Für einen jeden solchen reversiblen Uebergang zwischen zwei verschiedenen Zuständen eines Körpers oder eines Systems von Körpern, der bei unveränderter Temperatur von Statten geht, geben in der That die allgemeinen Gesetze der Thermodynamik, wie sie von Herrn Clausius formulirt sind, dem von uns erweiterten Begriffe der latenten Wärme eine ganz bestimmt definirte Bedeutung. Bezeichnen wir nämlich mit Q1 und Q0 die Wärmemengen, welche ein Körper oder Aggregat von Körpern bei immer constant bleibender Temperatur ϑ aller seiner einzelnen Theile aufgenommen hat, und mit S1 und S0 die Werthe derjenigen Function, die Herr Clausius Entropie genannt hat, so ist J(Q1 - Q0) = ϑ(S1 - S0}. Die Function S hat einen Werth, der nur vom jedesmaligen Zustande des betreffenden Körpersystems (Seite 368) abhängig ist, nicht von dem Wege und den Zwischenzuständen, durch welche es denselben erreicht hat; unbestimmt bleibt in ihr nur eine willkürliche Constante. Darin liegt keine Schwierigkeit, da man doch immer nur mit den Unterschieden zu rechnen hat, welche diese Grösse zwischen je zwei verschiedenen Zuständen des betreffenden Körpersystems zeigt, wie denn auch in der obigen Gleichung nur eine solche Differenz vorkommt.
Das Product S ⋅ ϑ tritt also bei diesen Aenderungen des Zustandes, bei denen zunächst die Temperatur ϑ nochmals constant bleibend vorausgesetzt ist, als das Maass der eingetretenen latenten Wärme auf. Wir wissen andererseits schon aus den allgemeinen Sätzen der Thermodynamik, dass ohne Ueberleitung eines Theils der vorhandenen Wärme in niedrigere Temperaturen bei ganz beliebigen Wechselwirkungen zwischen den verschiedensten Naturkörpern keine Wärme in andere Arbeitsformen verwandelt werden kann.
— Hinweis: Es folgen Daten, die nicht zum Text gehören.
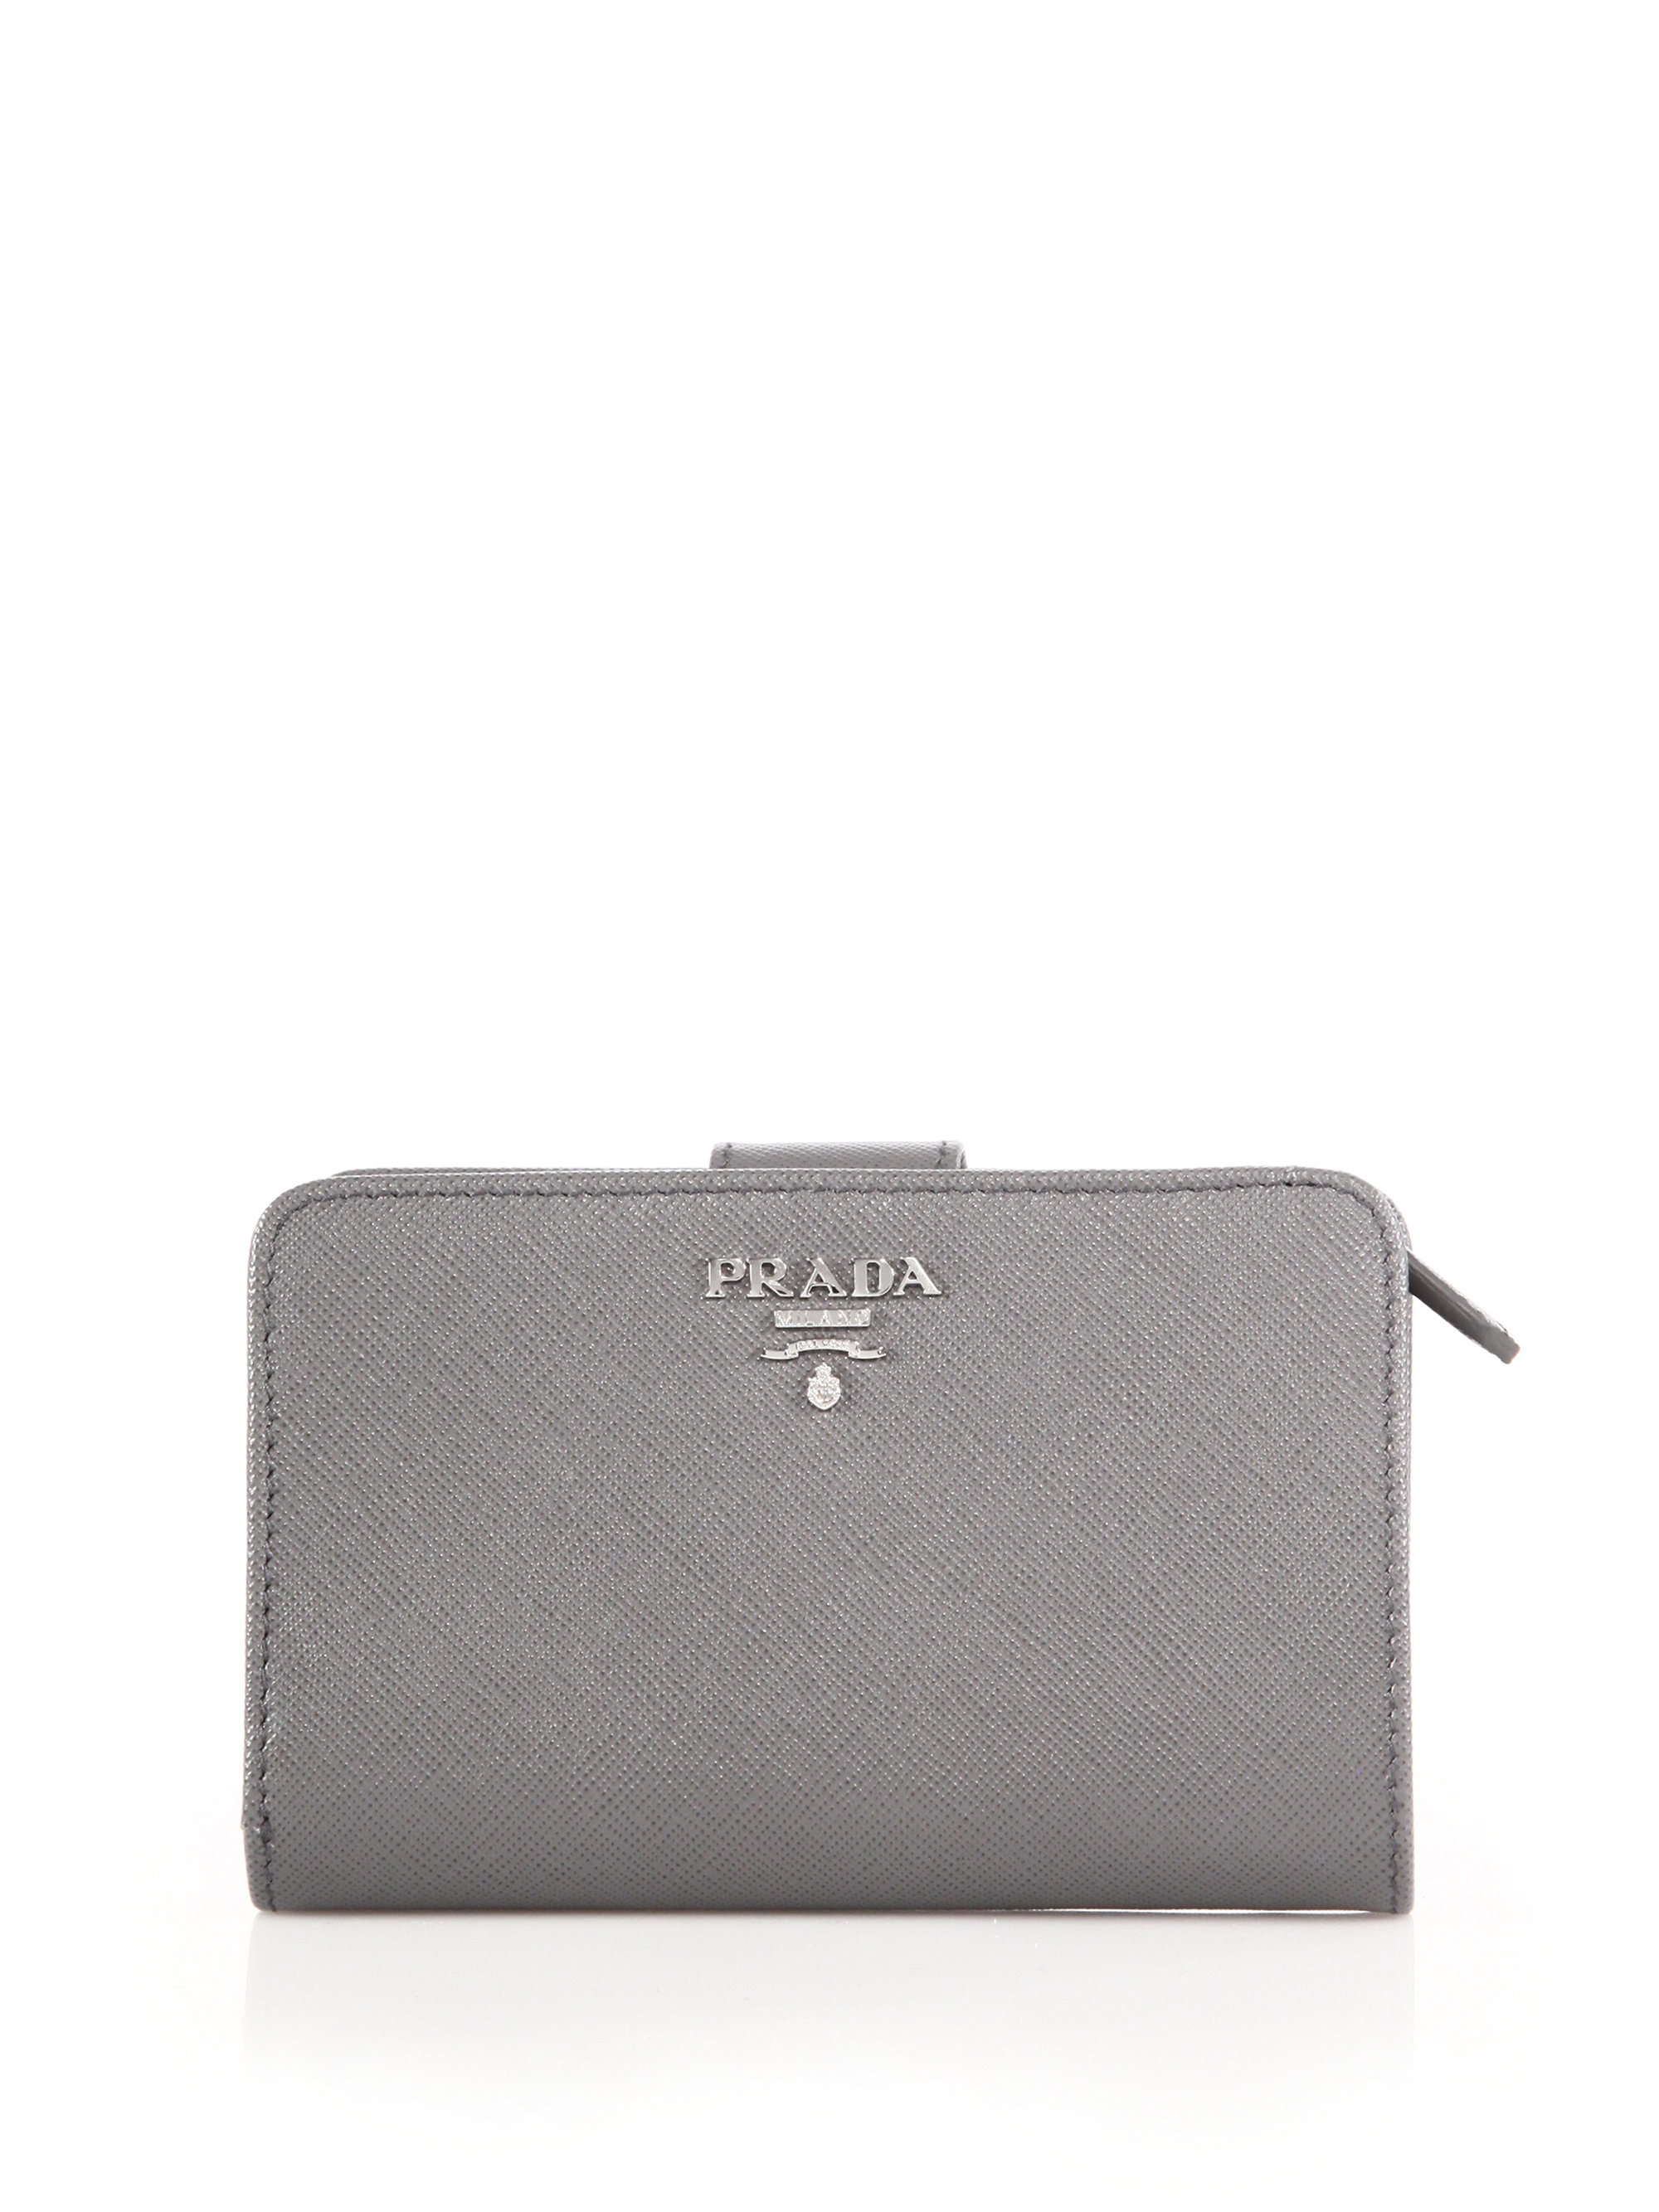 Prada Saffiano Leather Wallet in Gray | Lyst

Die eingetretene latente Wärme kann also auch nur als Wärme wieder austreten. Insofern können wir aussagen, dass sie bis zur Herstellung des ursprünglichen Zustandes in dem Körper vorhanden ist.
Wenn Aenderungen der Temperatur eintreten, werden Uebergänge von Wärme in Arbeit möglich, das Verhältniss wird dadurch etwas verwickelter; es wird sich aber weiter unten zeigen, dass auch dann in ganz folgerichtiger Weise das Product S ⋅ ϑ als Maass der in den Körpern vorhandenen Wärme betrachtet werden kann.
In dem hier vorliegenden Sinne also würden wir die Grösse S zunächst als die Capacität des Körpers für latente Wärme bezeichnen können, welche Form der Erklärung vielen Naturforschern vielleicht anschaulicher sein wird, als die auf ziemlich abstracte Betrachtungen der Differentialwerthe einer Function, die von mehreren Variablen abhängt, gegründete ursprüngliche Erklärung des Begriffs der Entropie.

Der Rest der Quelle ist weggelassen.